With their local product already undercut by cheaper crab from Asia and Latin America, processors say that lifting wages to levels that might attract Americans would increase production costs beyond their ability to compete in the marketplace.
"Nobody's going to be able to get a can of Maryland crab anymore," said Jack Brooks, owner of the J.M. Clayton Co. in Cambridge.
It was Brooks' great-grandfather, Capt. John Morgan Clayton, who opened the first seafood processing plant on the Eastern Shore when he built an oyster shucking house on Hoopers Island in 1890. Within a few years, according to a company history, he turned his attention to the blue crab, founding the industry that has continued to the present day. While Clayton moved his business to Cambridge in 1921, nine of Dorchester County's 14 seafood processors remain on Hoopers Island. Many have been controlled by the same families for generations.
For decades, the crab houses hired local pickers, often the wives of watermen, who helped keep the local economy humming. But as younger islanders sought better work - in Cambridge, in Baltimore or beyond - the labor pool dwindled.
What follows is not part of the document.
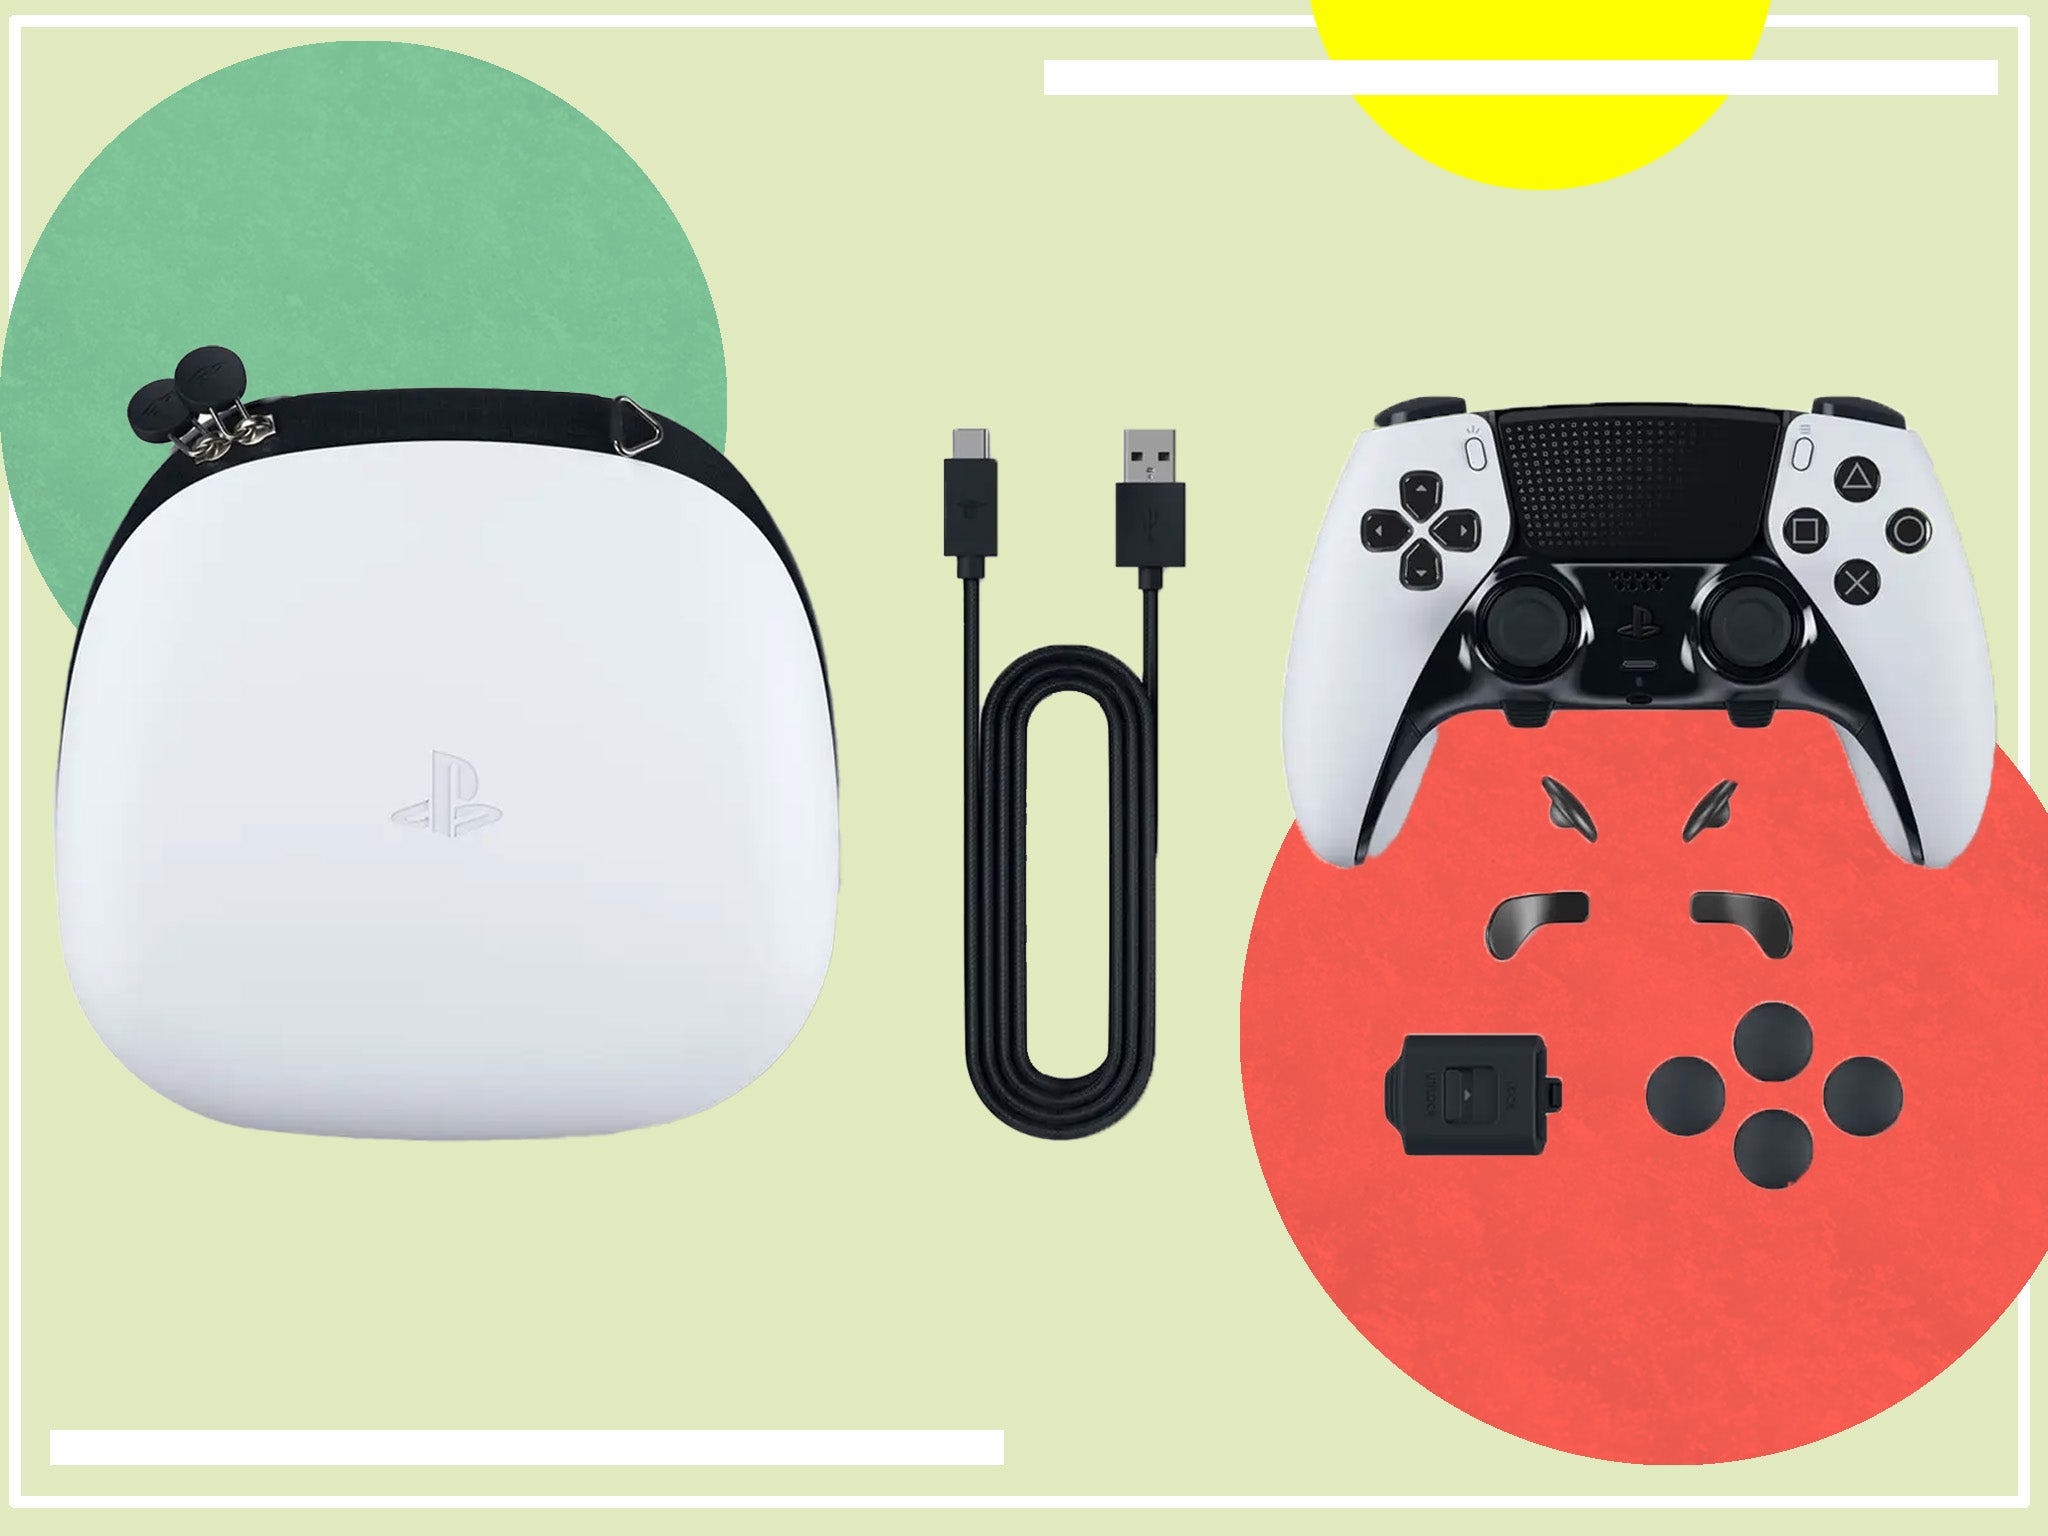 The controller comes with a carry case and plenty of customisable accessories

Newcomb at A.E. Phillips was the first to bring in Mexican workers, in 1991. His example took hold; from 2003 to 2007, Maryland seafood processors employed an average of 376 foreign workers each year.
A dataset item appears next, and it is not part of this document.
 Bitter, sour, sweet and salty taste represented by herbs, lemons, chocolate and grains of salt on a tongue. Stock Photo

Douglas W. Lipton, a resource economist at the University of Maryland, says they have helped sustain the industry. In a recent study, he estimated that each foreign worker lost would cost the state economy 2.54 American jobs. He concluded that the loss of all of the foreign workers would put 955 Americans out of work.
F. Levi Ruark, president of the National Bank of Cambridge, says such a blow would be felt broadly - from the financial institutions that lend money to the crab houses to the businesses where the workers shop.
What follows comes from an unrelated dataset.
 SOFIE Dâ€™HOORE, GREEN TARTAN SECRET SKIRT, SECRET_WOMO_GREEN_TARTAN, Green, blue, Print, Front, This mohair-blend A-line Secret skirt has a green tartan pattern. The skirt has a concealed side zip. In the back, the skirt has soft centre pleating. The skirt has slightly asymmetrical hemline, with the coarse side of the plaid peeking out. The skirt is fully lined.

"It's a great impact on a lot of different people," Ruark said. "I could see a great downturn in our economy."
Bryan Hall, Robin's brother, says the restaurants and stores they supply are looking for answers.
"I've had several customers call me and say, 'Look, I know this cap's been met. Are you going to have crabmeat this summer or should I start looking for crabmeat from overseas?' So already, we're starting to feel it," he said. "They're starting to look."
The Rev. Joseph Kelly, pastor at United Methodist churches in Fishing Creek and neighboring Hoopersville, says the uncertainty is putting a strain on local families.